Lesson Two: Know Your Failover Strategy, and Make Certain It Will Work
There are two schools of thought when it comes to active failover between two facilities. One school advocates one hot facility (i.e., a primary datacenter) and one cold facility (i.e., a secondary datacenter). During nominal operations, the primary datacenter receives 100% of the traffic, and the secondary receives 0%; during failover, 100% of the traffic is directed to the secondary facility. The second school advocates two load balanced facilities each operating at less than 50% of capacity; should one fail, the second facility will (theoretically) be able to handle the load redirected from the first facility.
Unfortunately, the worst possible time to test your strategy is during an actual disaster. If you have one hot and one cold facility, you must make certain your cold facility can be reliably brought online to handle the traffic redirected from the hot facility. This means being diligent in rolling patches out to “that other site,” replacing failed drives in RAID arrays promptly even though the systems are for the most part idle, and monitoring secondary systems as adamantly as your primary systems. If you have two facilities actively sharing nominal load, you must make certain that one facility would have the resources to stand on its own. This means understanding what your bottleneck is (i.e, what does less than 50% of capacity actually mean? Is it transit? Is it CPU? Is it storage? Is it cooling? A combination?), closely monitoring it, and when it crosses the point of having 50% capacity utilized, expanding capacity (preferably you do this before it reaches that point).

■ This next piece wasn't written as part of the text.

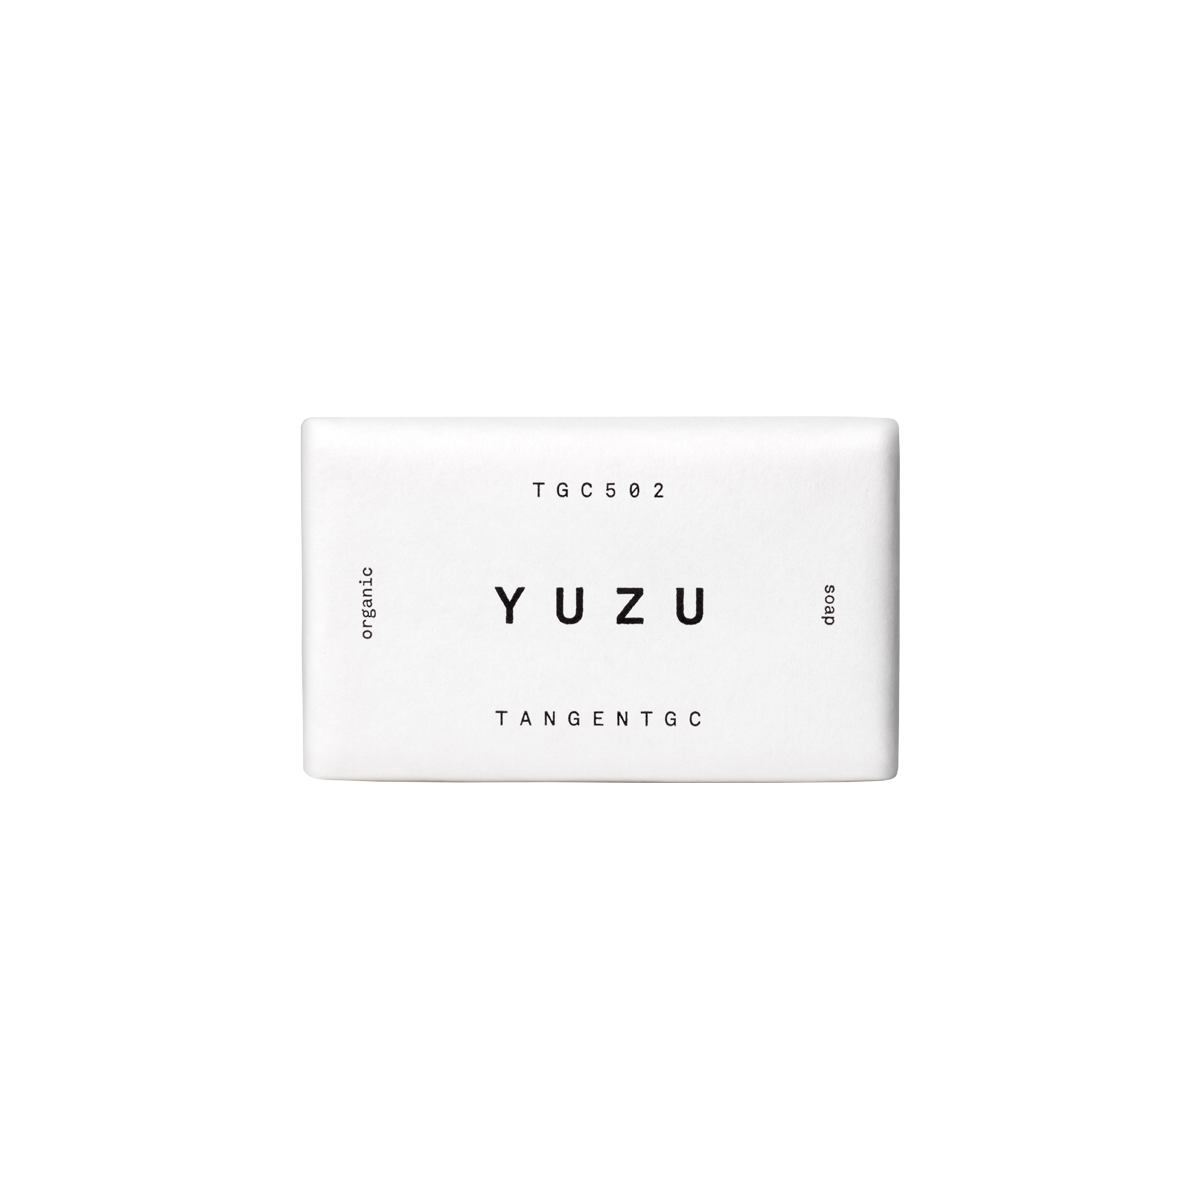 Tangent GC - Yuzu Soap Bar

Lesson Three: When Disaster Strikes, Give WWW More Than a Browser Error
When Authorize.Net went down, the best source of information became their Twitter feed. As useful as this was for those of us on Twitter, including @DynInc, @tomdyninc, and @cvonwallenstein, surely there were many more folks without knowledge of Twitter that were left in the dark. The solution? Redirect your main site URL to an offsite facility showing a status page for you to disseminate facts, before your confused and frustrated customers make up rumors and fiction! According to Tom Daly, CTO of Dynamic Network Services Inc., “Showing real status information on a failover home page instead of a ‘Page cannot be displayed’ browser error retains the confidence and trust you have built with your customer, even in the face of disaster. Just showing your logo and a description of the problem is enough to let customers know that you care.”
Of course, this is only going to be possible for you if you have a low TTL value for the www record on your name servers, and you will need an easy to use method of configuring your name servers for 1) the failure page when disaster first strikes, and 2) the normal web servers when service is once again restored.

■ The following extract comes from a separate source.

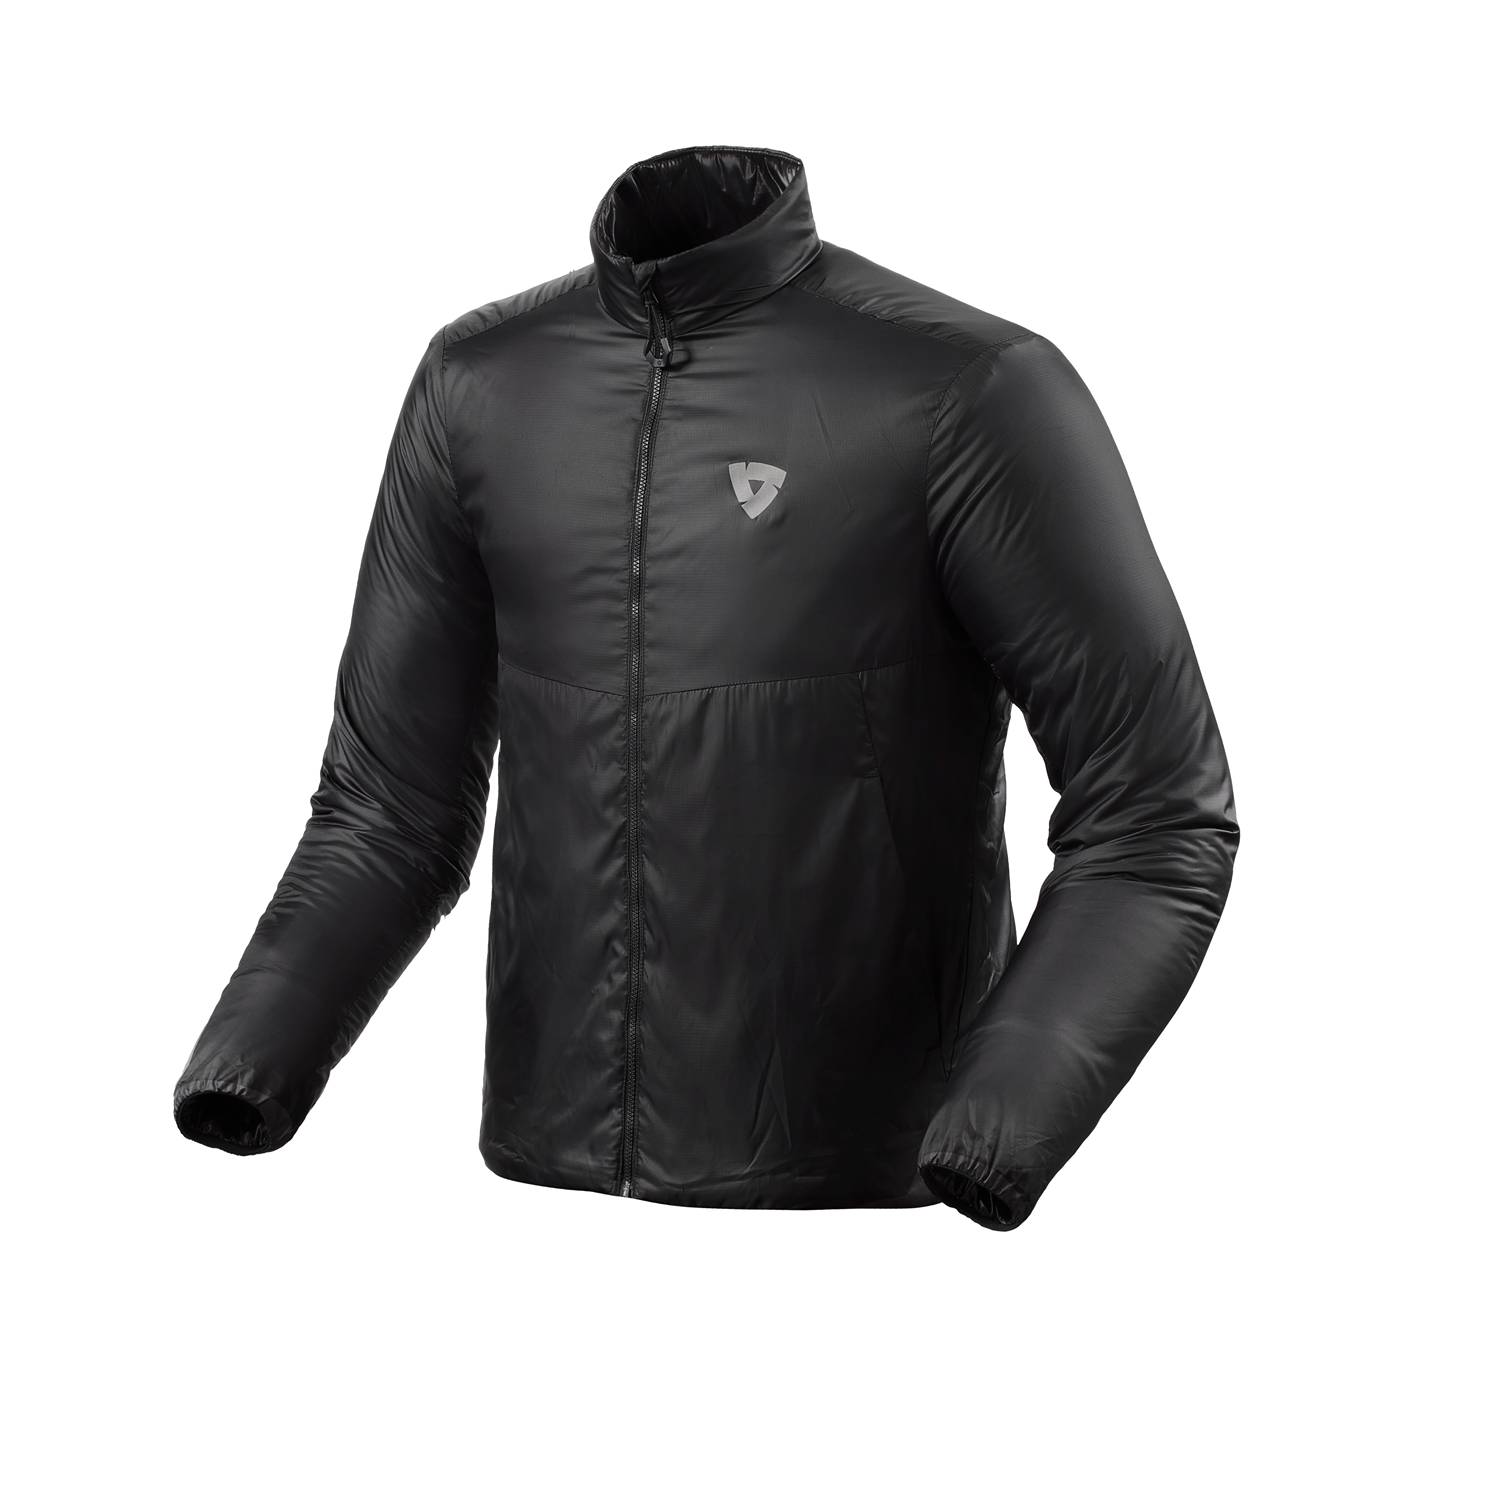 Image of REV'IT! Core 2 Mid Layer Jacket Black Size XL EN

Our status page can always be found at http://status.dyn-inc.com, and it is hosted in a separate facility from our other web servers.
Disaster can rarely be predicted, but with some forethought and planning, cost-effective tools are available to automatically failover in the event of a disaster to a backup facility, and if nothing else, to facilitate honest and frequent communication with affected users. We will continue to be customers of Authorize.Net, and we hope they continue to invest in a reliable IT infrastructure. We know they will emerge from this disaster stronger than before, and we’re more than happy to help them along the way.